Выслушав Сергина, Игорь взглянул на свои новые часы, сверил их с вокзальными и быстро метнулся к составленным чемоданам. Чемодан был, под стать часам и костюму, тоже новым. Он быстро открыл его.
— Отдайте вот это Миле. Пожалуйста… И не говорите от кого. Ладно? — попросил он, протягивая томик стихов Лермонтова. Тот, единственный, с которым приехал в город. Пусть в домашней библиотеке Сергиных будет и от него книга. Память о пэтэушнике Игоре Божкове.
— Ты лучше бы написал ей, когда приедешь, — Сергин смотрел выжидательно. — Напишешь?
— То есть как?
— А вот так. Напиши, и все. Обещаешь?
— Постараюсь! — излишне громко и как-то решительно заверил Игорь. «А Раиса Михайловна?» — хотел спросить он и не решился.
— В письме черкни и мне пару слов. Не забудешь? — Сергин лукавил, но Игорь не замечал этого. И обрадованно уверял:
— Что вы?! Я и отдельно вам напишу.
Уверял и совсем не догадывался, что «черкнуть» стоило бы лучше в одном письме. В нем-то и был тот трудный вывод, который не однажды искал и пытался разгадать в последнее время.

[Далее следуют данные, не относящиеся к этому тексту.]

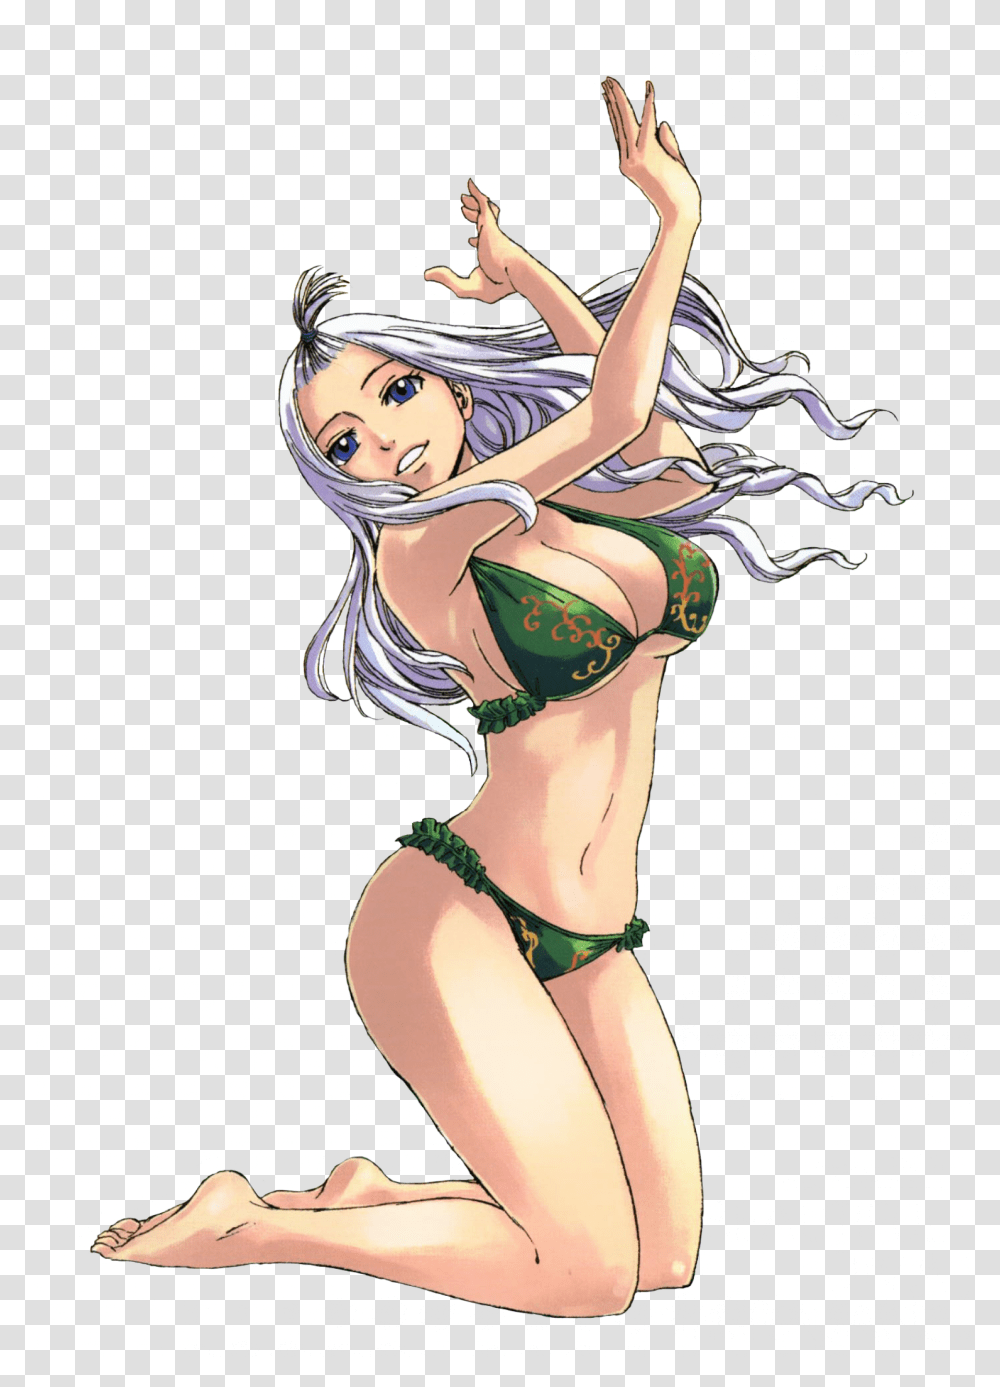 Download Hd Anime Who Is The Sexiest Girl In Fairy Tail Fairy Tail Mirajane, Person, Clothing, Advertisement, Poster Transparent Png
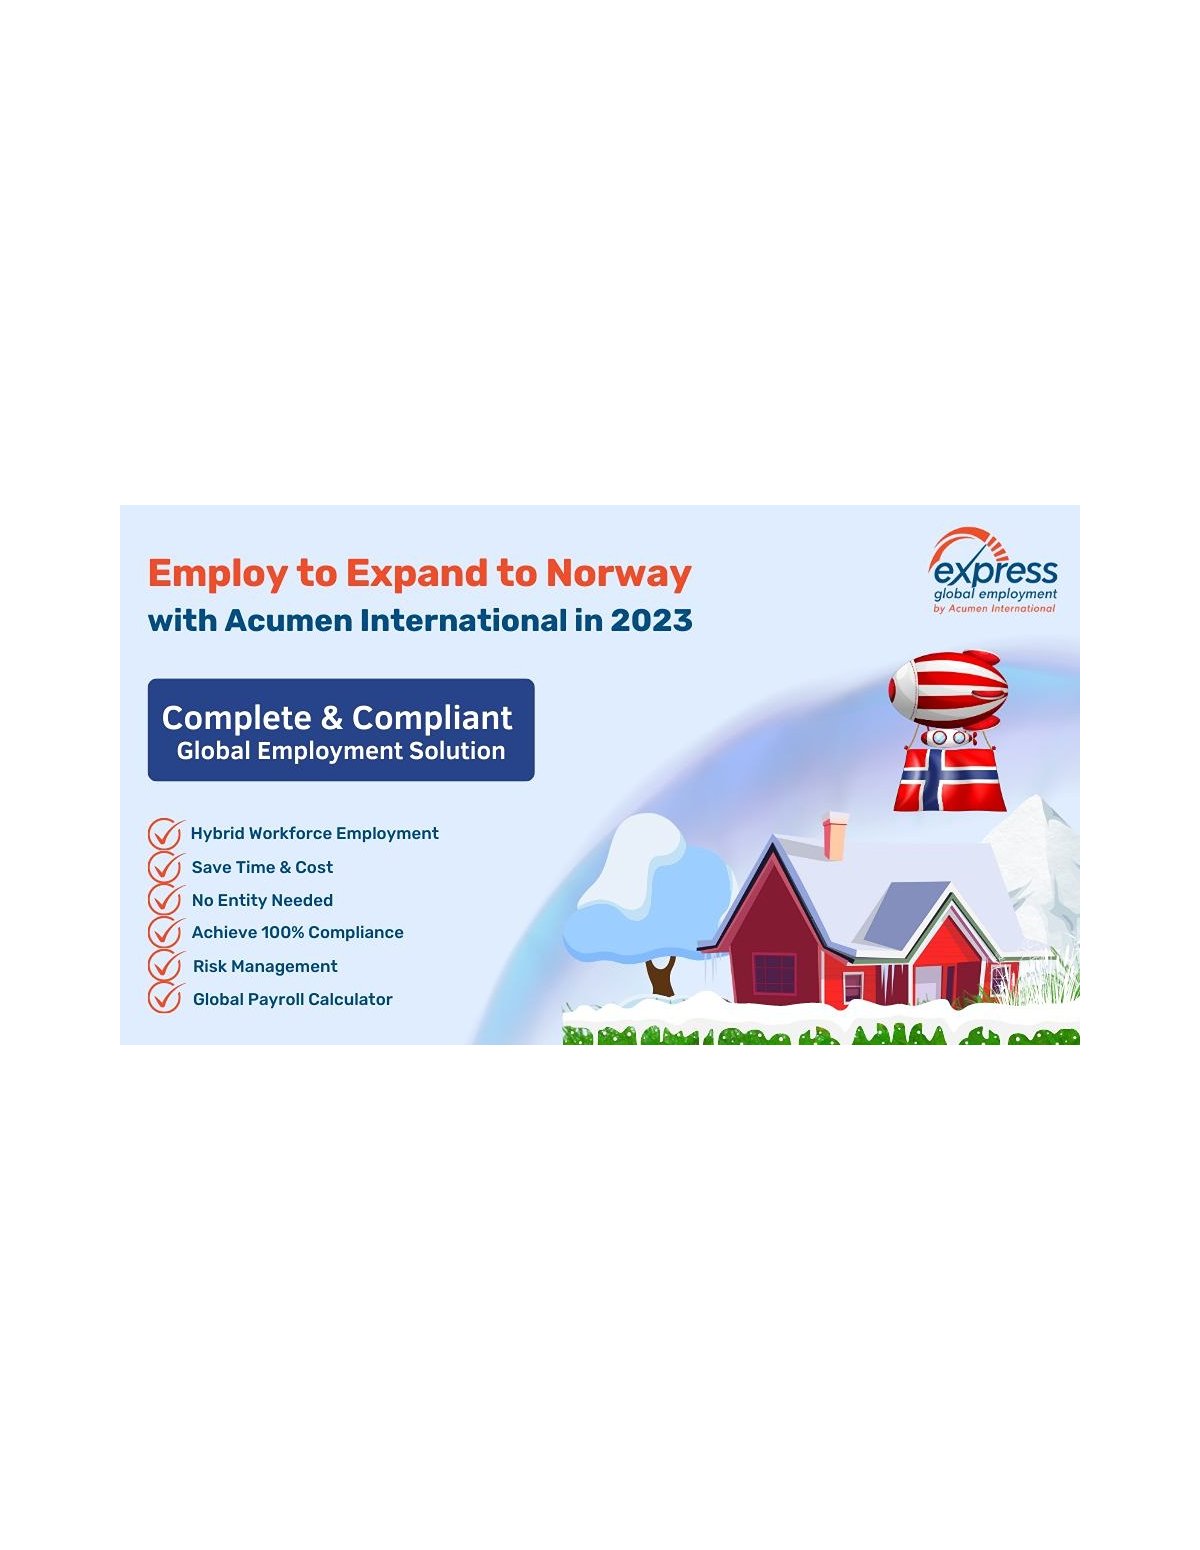 Future-Proof Complete & Compliant Global Employment Solution to Expand to Norway

Но думать об этом сейчас уже было некогда. Подумать можно в дороге, под перестук колес.
Он взглянул в окна вокзала на площадь, услышал, как объявили посадку, и, попросив взять в вагон его чемодан, метнулся к знакомому невдалеке дому.
19
Квартира — последнее, что оставалось в день отъезда невыясненным в шумливом и людном городе. Давно порывался он узнать, что же они натворили с Антоном. Много раз приближался к дому и, казалось, вот-вот войдет в лифт и ему обрадуются, узнав, зачем пришел.
Но так только казалось. В квартире, в самом углу жилой комнаты, могла отстать штукатурка. Да что отстать, она давным-давно, наверное, отвалилась — их первая с Антоном Камышкиным штукатурка.
Им ли не знать, отчего она могла отвалиться…
Лучше бы в день отъезда не раздумывать о том злополучном пятне. Лучше бы его не было!
Но оно существовало, и не мог забыть его Игорь Божков. Не мог покинуть город, не побывав в этой квартире.
Вот он дом, где была практика, подъезд… Вдруг не откроют, не впустят?
Мысленно он уже не раз готовил себя к встрече с жильцами. Но никогда не предполагал, что состоится она в недолгие минуты, оставшиеся до отхода поезда.
А если кто-то уже исправил их с Антоном ошибку? Тогда его, чего доброго, примут за чудака: велика важность — штукатурил! Не космический корабль строил, а возвращал красоту старому дому.